В действительности же именно смелость и радость, с которыми наши многочисленные братья, пораженные серьезными физическими недостатками, идут по жизни, если встретят радушие и любовь с нашей стороны, — именно они дают необычайно выразительное свидетельство о подлинных ценностях, формирующих жизнь и делающих ее даже в тяжелых условиях ценной как саму по себе, так и для других. Церковь стоит плечом к плечу с теми супругами, которые с тревогой и болью соглашаются принять детей, пораженных серьезными врожденными недостатками; она также благодарна всем семьям, которые усыновляют детей, брошенных родителями из-за увечья или болезни.


"Я умерщвляю и Я оживляю" (Втор 32,39): драма евтаназии

 

64. На склоне жизни человек стоит перед лицом тайны смерти. Сегодня, в результате успехов медицины и в том культурном контексте, который зачастую глух ко всему трансцендентному, опыт умирания приобретает новые характерные черты. Ибо, когда начинает перевешивать тенденция признавать жизнь ценной только в той мере, в какой она составляет источник удовольствий и благополучия, страдание представляется невыносимой тяжестью, от которой надо избавиться любой ценою. Смерть считается "бессмысленной", когда внезапно кладет конец жизни, еще устремленной в будущее, которое может принести много интересного; и, наоборот, она становится "чаемым избавлением", когда человеческое существование признают лишенным дальнейшего смысла, ибо оно погружено в боль и неизбежно подвергается риску все больших страданий.

 

Кроме того, отвергая свою фундаментальную связь с Богом или забывая о ней, человек мнит, что он сам себе критерий и норма и имеет право требовать от общества, чтобы оно ему обеспечило возможность и способы принимать решения о собственной жизни вполне независимо. Особенно это свойственно человеку, живущему в развитых странах: к этому его толкают, в частности, неустанные успехи медицины и все большее совершенствование ее методов. Благодаря использованию крайне сложных методов и высокосовершенного оборудования современная медицинская наука и практика в состоянии успешно действовать в случаях, которые раньше были безнадежными, смягчать или снимать боль, а также поддерживать и продлевать жизнь в обстоятельствах крайней слабости, искусственно реанимировать людей, основные биологические функции которых резко нарушены, а также делать шаги, направленные на получение органов для пересадки.

 

В таком контексте все сильнее становится искушение евтаназии, то есть господства над смертью путем преждевременного ее вызывания и "мягкого" прекращения своей или чужой жизни. На самом деле то, что может показаться логичным и гуманным, при более глубоком анализе оказывается абсурдным и бесчеловечным. Здесь мы стоим перед лицом одного из наиболее тревожных проявлений "культуры смерти", особенно широко распространяющейся в обществе благополучия, для которого характерна нацеленность на производство, а если думать только о производстве, то наличие все большего числа старых, беспомощных людей выглядит слишком дорогостоящим и обременительным.

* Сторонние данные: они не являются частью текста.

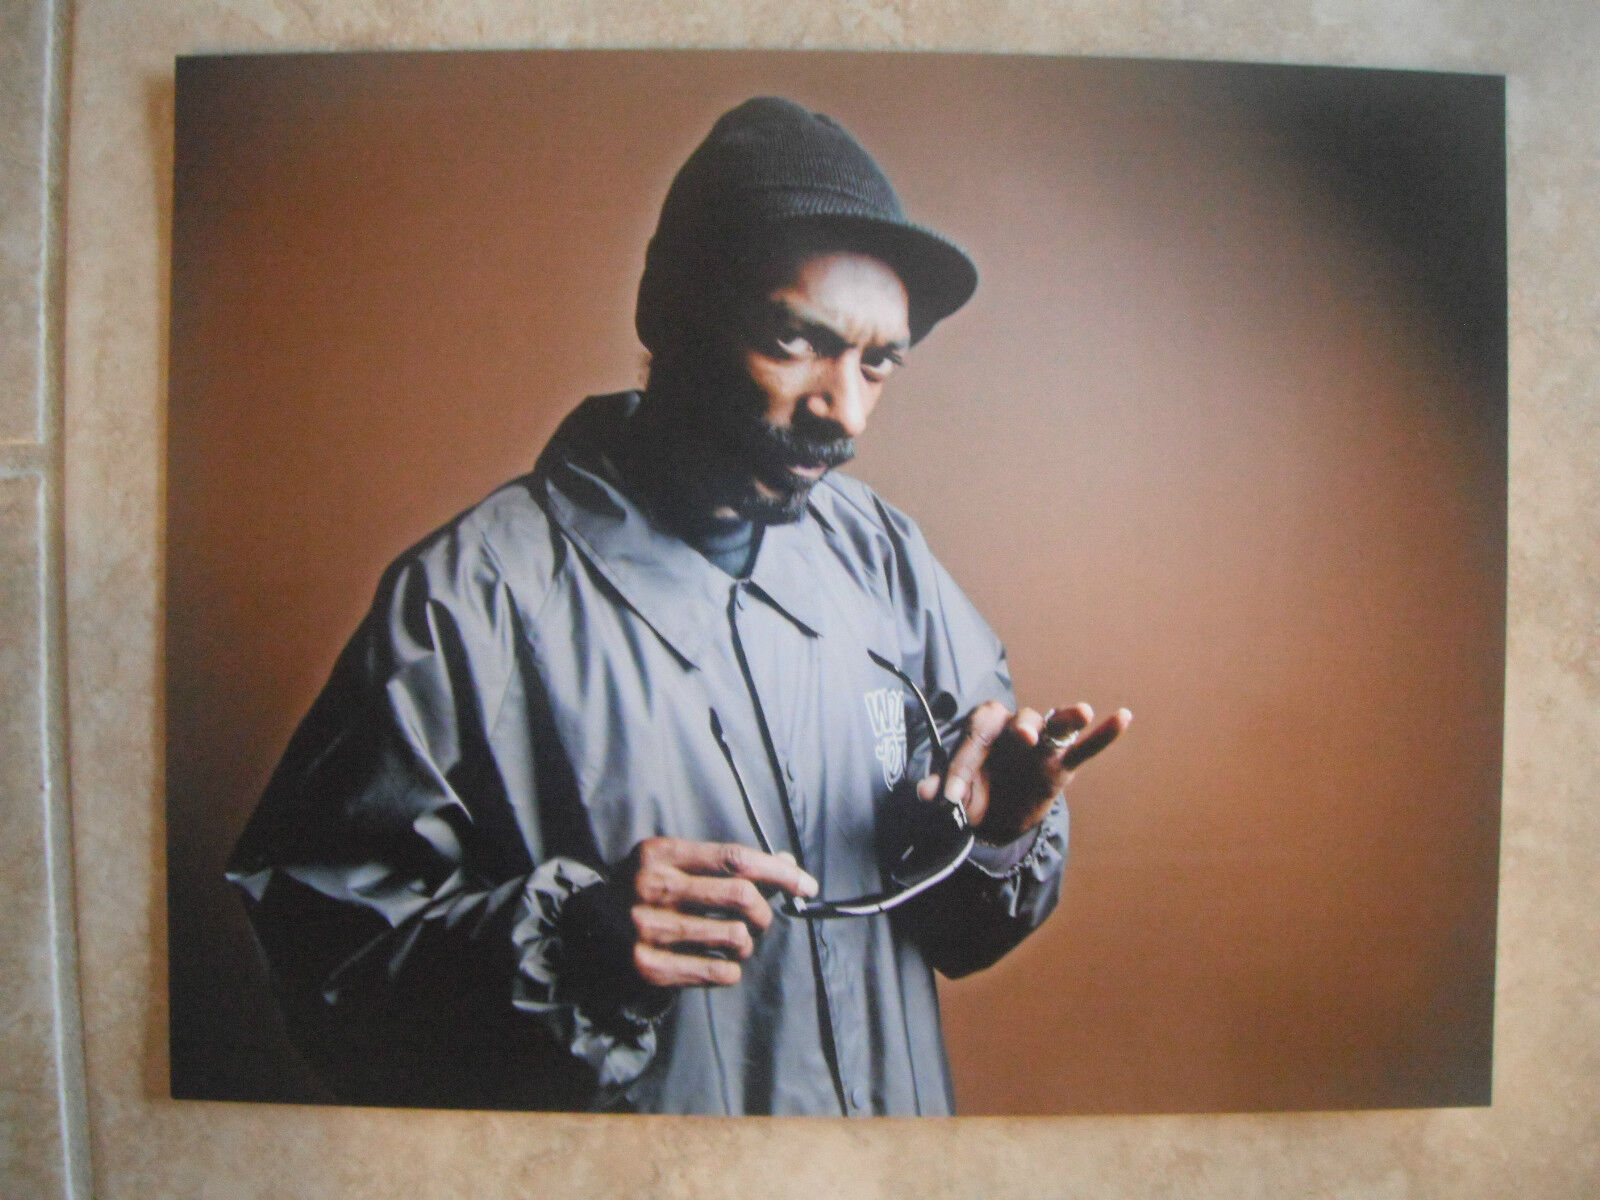 Snoop Dogg Rapper Actor Singer Color 11x14 Promo Photo Poster painting Music #2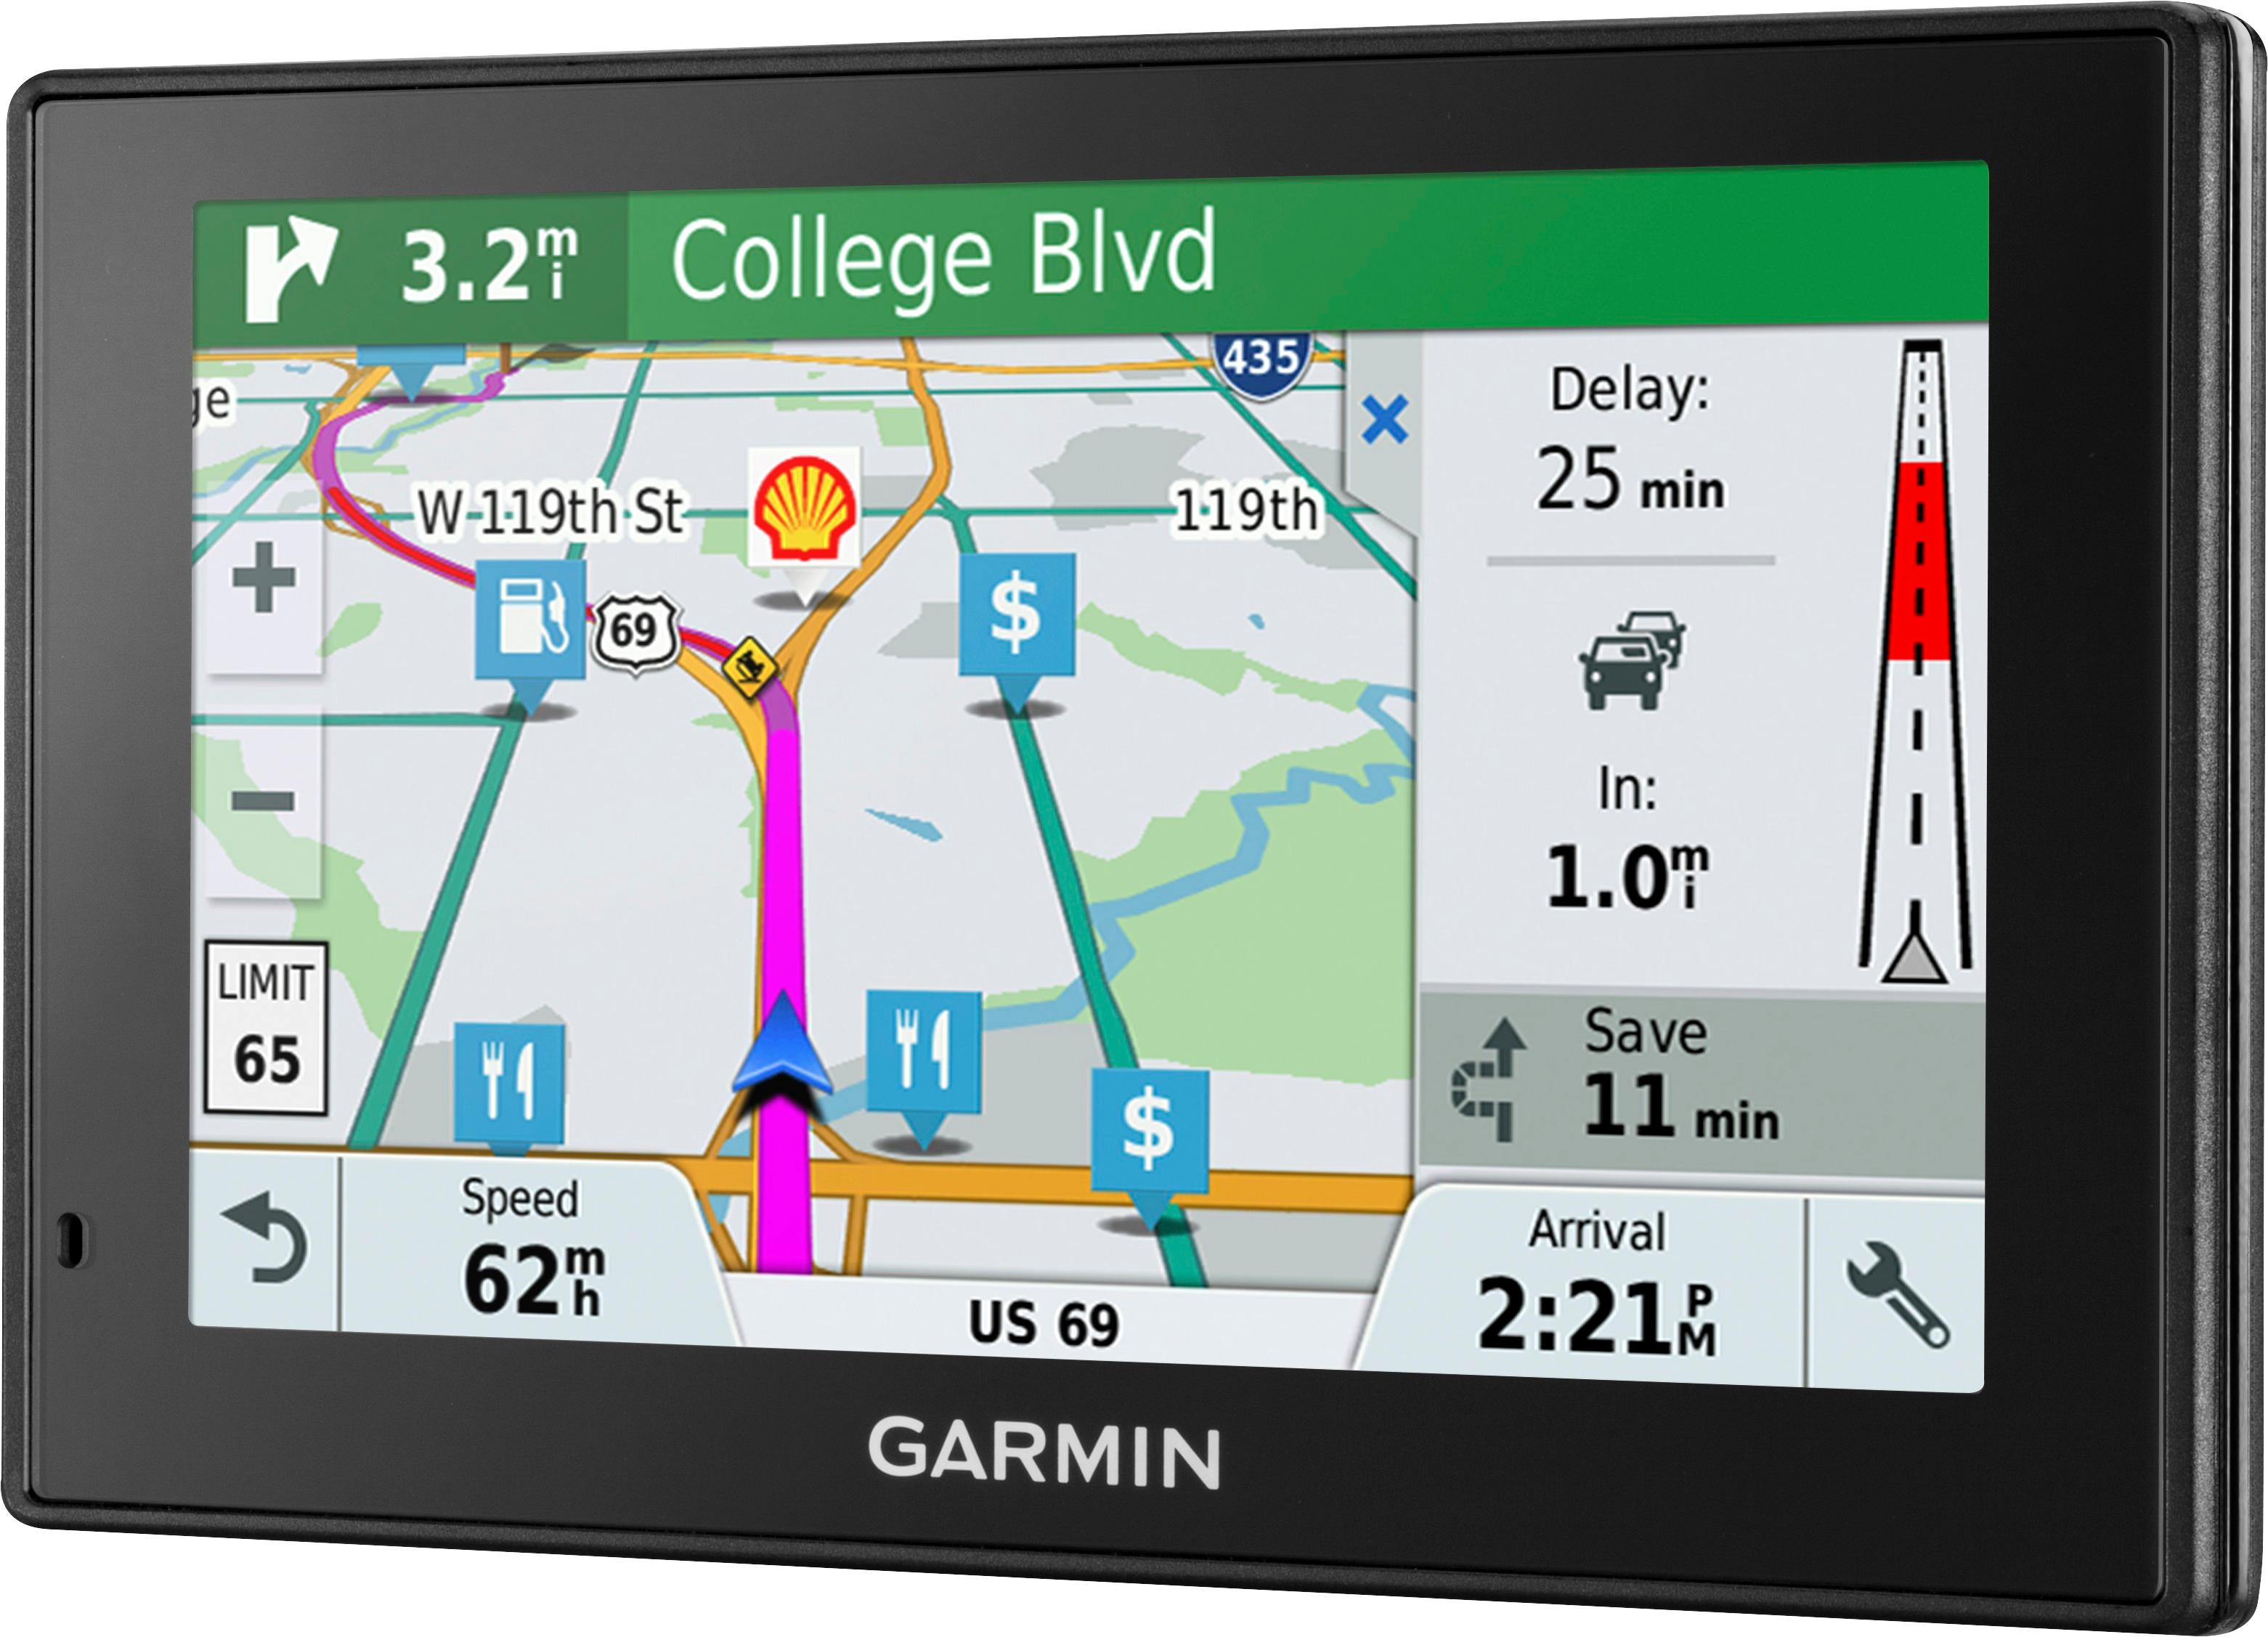 Left View: Garmin Drive Smart 51 GPS Navigator with Built-In WiFi plus Lifetime Maps and Traffic of North America

Эти люди часто брошены семьями и обществом, которые руководствуются почти что одними критериями производительности, рядом с которой необратимо обездоленная жизнь уже не имеет никакой ценности.

 

65. Чтобы сформулировать верную нравственную оценку евтаназии, ее нужно прежде всего четко определить. Под евтаназией в строгом смысле слова следует понимать действие или бездействие, которое по своей внутренней природе или по умыслу действующего лица вызывает смерть с целью снятия всех страданий. "Евтаназию, таким образом, следует рассматривать в контексте умысла и используемых методов"76.

 

Надо различать евтаназию и отказ от так называемой упрямой терапии, то есть от некоторых медицинских мер, которые перестали соответствовать реальному положению больного, поскольку уже несоразмерны результатам, которых можно было бы ожидать, или чересчур тягостны для самого больного и его семьи. В таких обстоятельствах, когда смерть близка и неизбежна, можно в согласии со своей совестью "отказаться от мер, которые способны вызвать лишь неустойчивое и болезненное продление жизни, однако не следует прерывать нормальное лечение, в котором нуждается больной в аналогичных случаях"77. Разумеется, существует нравственный долг лечить и лечиться, но этот долг следует определять в конкретных обстоятельствах, а именно: необходимо оценить, являются ли применяемые лечебные средства объективно соразмерными предусмотренному улучшению здоровья. Отказ от чрезвычайных и преувеличенных средств не тождествен самоубийству или евтаназии; в нем скорее выражено смирение с человеческой природой на пороге смерти78.

 

В современной медицине все большее значение приобретают так называемые паллиативные методы лечения, цель которых — смягчить страдания в последней стадии болезни и обеспечить пациенту необходимую человеческую поддержку. В этом контексте, в частности, возникает вопрос, надлежит ли применять ради облегчения страданий больного разнообразные обезболивающие и успокаивающие средства, когда это связано с риском сокращения жизни. Если можно считать похвальным поведение человека, который, желая сохранить полную ясность ума и сознательно — когда речь идет о верующем — участвовать в муках Христа, добровольно принимает страдание, отказываясь от лечения, умеряющего боль, то невозможно утверждать, что все обязаны вести себя так "героически". Еще Пий XII указал, что разрешено умерять боль с помощью наркотиков даже тогда, когда в результате это приводит к ограничению сознания и сокращению жизни, "если не существует других средств и если в данных обстоятельствах это не мешает исполнению других религиозных и нравственных обязанностей"79. Ибо в таком случае речь идет не о жажде смерти и стремлении к ней, хотя риск смерти по обоснованным причинам допускается, но только о желании смягчить боль применением анестезирующих средств, созданных медициной. Тем не менее "не следует отнимать сознание у умирающего без серьезных причин"80: на пороге смерти люди должны быть в состоянии исполнить свои нравственные и семейные обязанности, а главное — иметь возможность сознательно приготовиться к окончательной встрече с Богом.

 

Проведя эти различия, я в согласии с учительством моих предшественников81 и в общении с епископами Католической Церкви подтверждаю, что евтаназия есть серьезное нарушения закона Божьего как нравственно недопустимое умышленное убийство человеческой личности. Эта доктрина основана на естественном законе и на писаном слове Божием, передана церковным преданием и преподана в обычном и вселенском вероучении82.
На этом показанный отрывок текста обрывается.